▸ **WHAT YOU HAVE TO DO**:
The copy should hold only the line containing "boho berry top" and the lines after it through the end of the material, each exact, with no pictures.

▸ **RECORDED INFORMATION**:
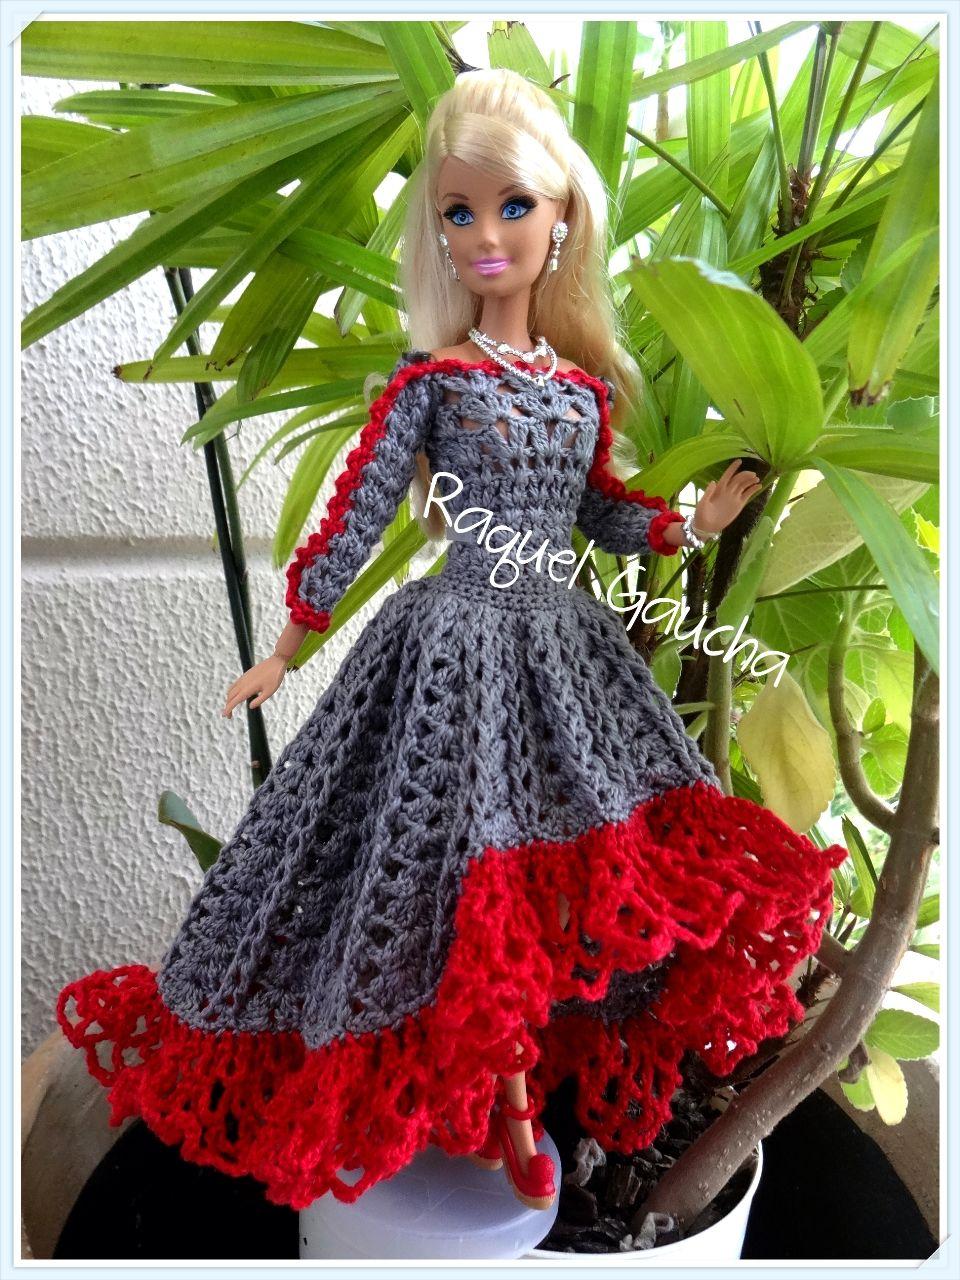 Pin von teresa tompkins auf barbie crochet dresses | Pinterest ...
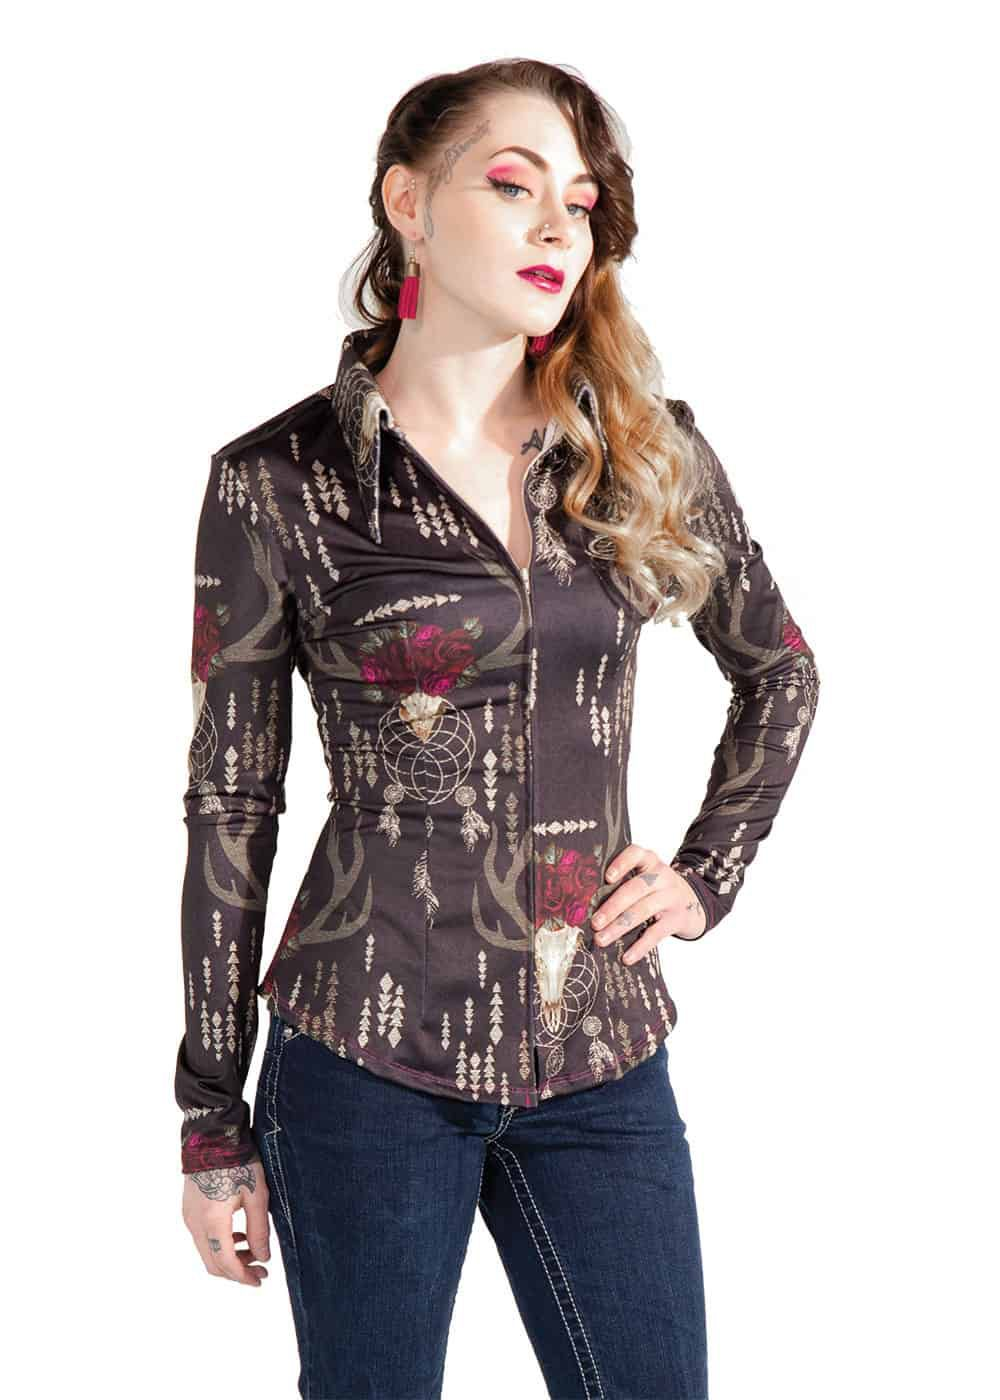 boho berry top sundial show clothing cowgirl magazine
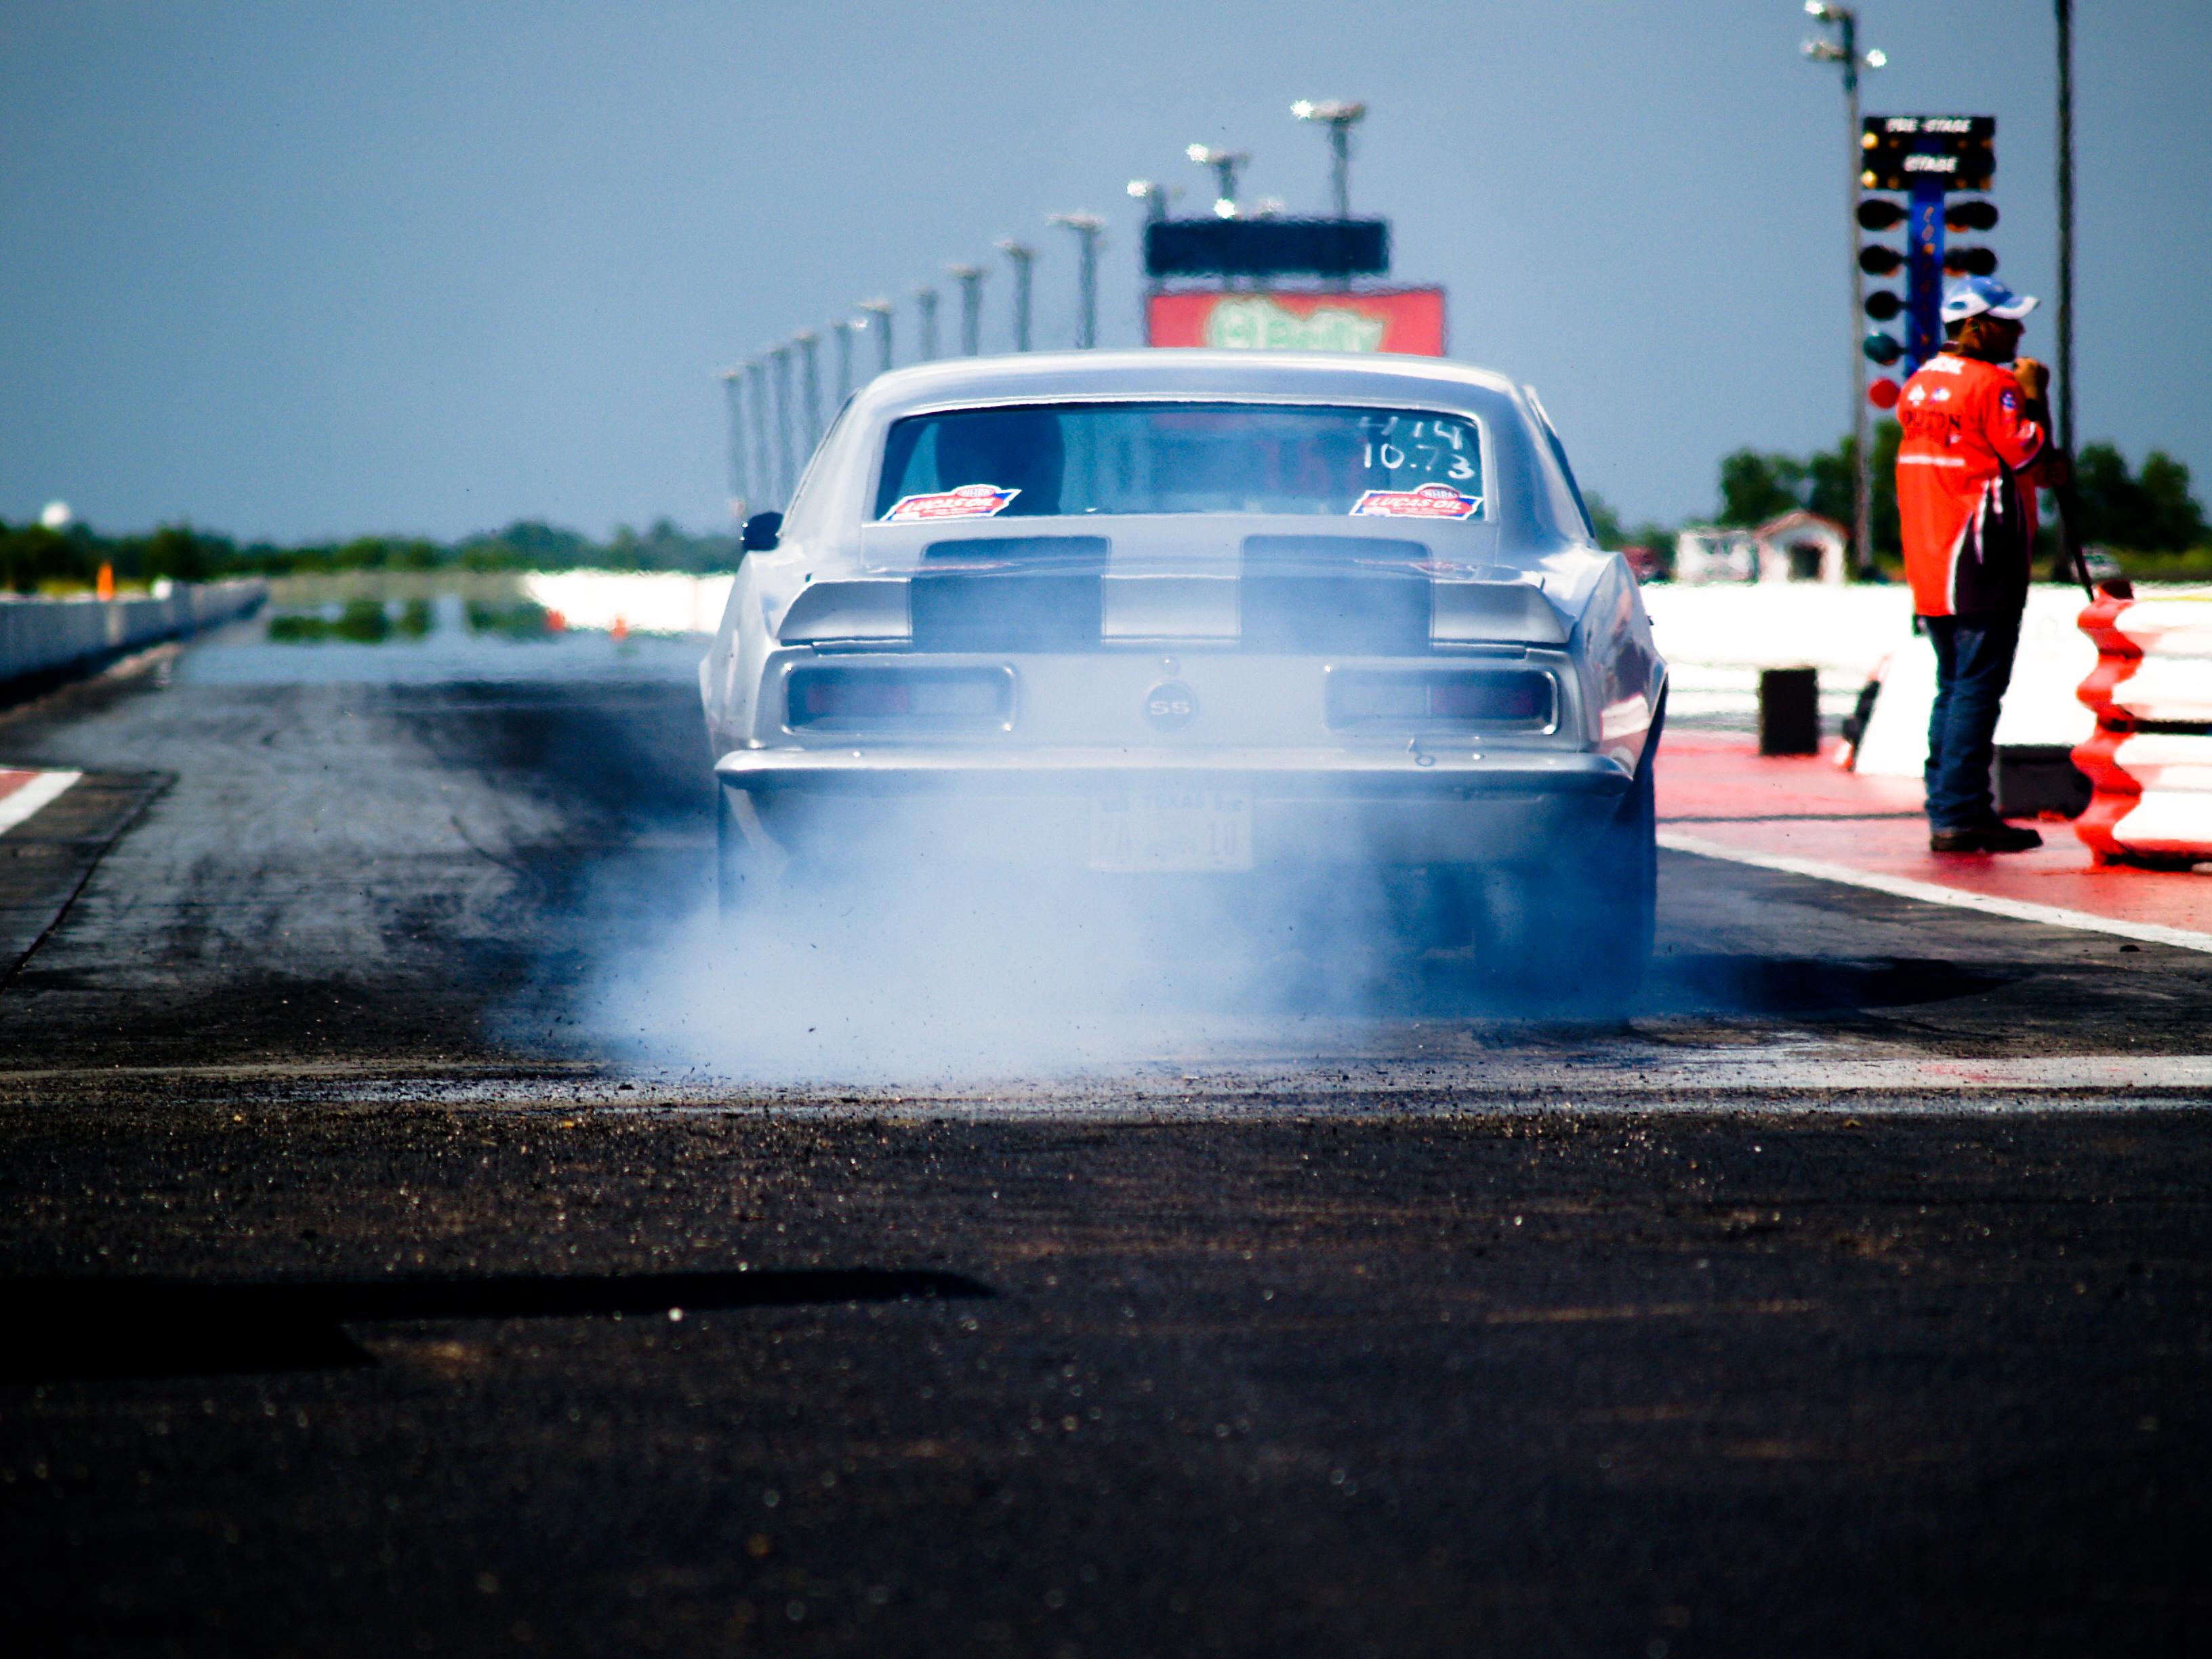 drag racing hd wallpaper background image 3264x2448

▸ **RESULT BELOW**:
 boho berry top sundial show clothing cowgirl magazine
 drag racing hd wallpaper background image 3264x2448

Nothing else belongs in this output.